To me, this is a great community (in every sense of the word) comprised of great individuals.  I consider it an honor and a privelege to be part of this place.

Long live ENWorld!


----------



## willpax (Aug 27, 2003)

Darn it! Rel stole my post!

I agree with Rel on every single point. This site has become the community I am most fond of on the net. 

I would also add that, for me, this is a place to get a small D&D fix in a life that currently doesn't have much room for it. I get to play very infrequently, so these boards let me keep my mind in it, so to speak.


----------



## barsoomcore (Aug 27, 2003)

Lotsa smart folks to help out us less clever clogs, lotsa funny folks to keep us laughing, lotsa thoughtful folks to keep us all civilized.

Lotsa good people.

And I know I'm a better DM because of it.


----------



## shouit (Aug 27, 2003)

A place to hear what others have to say.  And to make fun of Hal..


----------



## Magic Slim (Aug 27, 2003)

ENWorld's a great place to spend time. What's so great about it is that not all time spent here is time lost.
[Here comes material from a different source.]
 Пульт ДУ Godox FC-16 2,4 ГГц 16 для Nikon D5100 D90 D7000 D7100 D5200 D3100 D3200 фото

The people are great, the opinions are varied and interesting, the sig's are funny... What could one want more?

Slim


----------



## Estlor (Aug 27, 2003)

Maybe it's just because I don't have as much time to spend on the messageboards, and maybe it's because I don't really "know" anybody on here, but I don't have the warm, fuzzy FAMILY feeling about ENWorld.
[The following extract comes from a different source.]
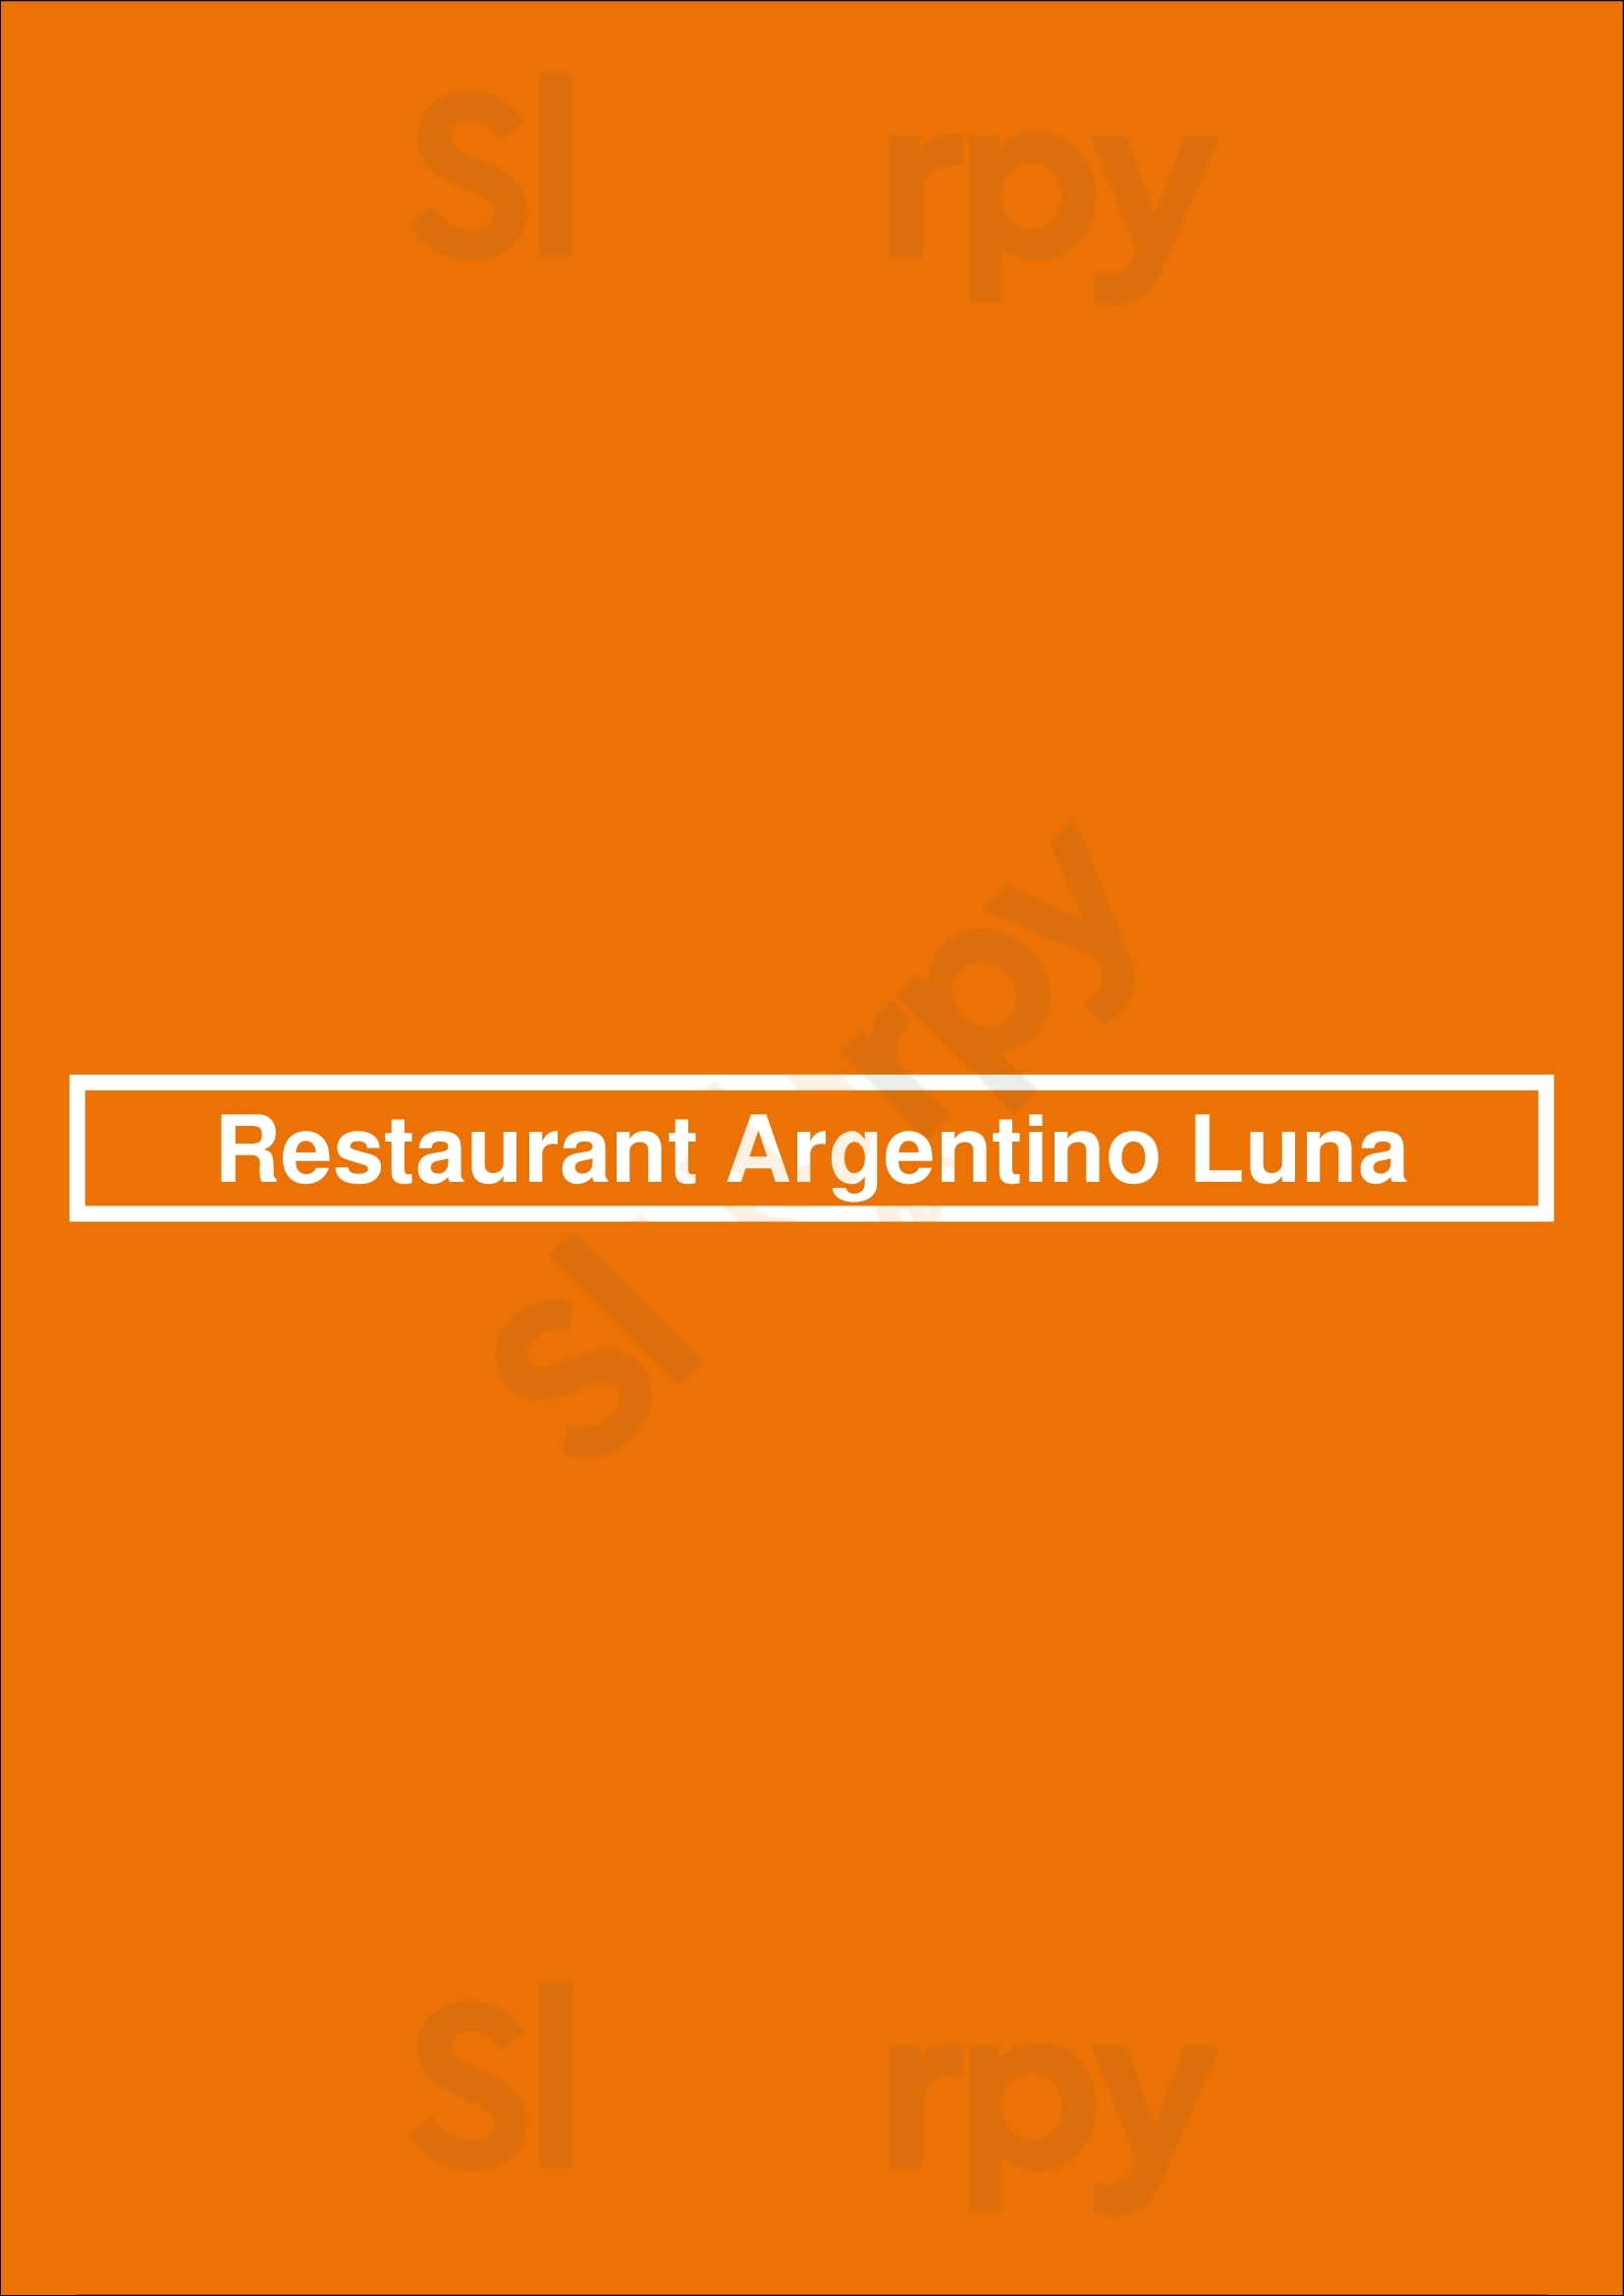 Restaurant Argentino Luna Amsterdam Menu - 1

To me, ENWorld is a great place to go to keep abreast of what's going on with WotC and all the independent d20 companies in general.  Without ENWorld I'd never have been able to keep up with who was releasing what thus far.  ENWorld is also a great place to get opinions and information on things just out or almost out.  Sometimes it exposes me to things I might not otherwise have thought about, like why so and so in 3.5 should or shouldn't have been changed.

It serves a functional purpose.  It's the best site out there for one of my hobbies, and it kills a lot of time at work.


----------



## Sage (Aug 27, 2003)

Wow, you guys (or girls) are really sentimental.

I found enworld a few months ago and have "stepped by" every day since, but thet was only for the news and review site. 

I really only got introduced to the boards with the SRD competition, but that wasn't very encouraging since not everyone was as nice as they could have been  

But sinse then other threads, this among them, have made me stop considering subtituting the boards for the DND-L, I'm definetely going to do it  

I hope I become as attached as you seem to be.

Sage


----------



## BSF (Aug 27, 2003)

Right there with you Djeta!    
(One of the first things I noticed about you is your sig.  Weird Al is great!)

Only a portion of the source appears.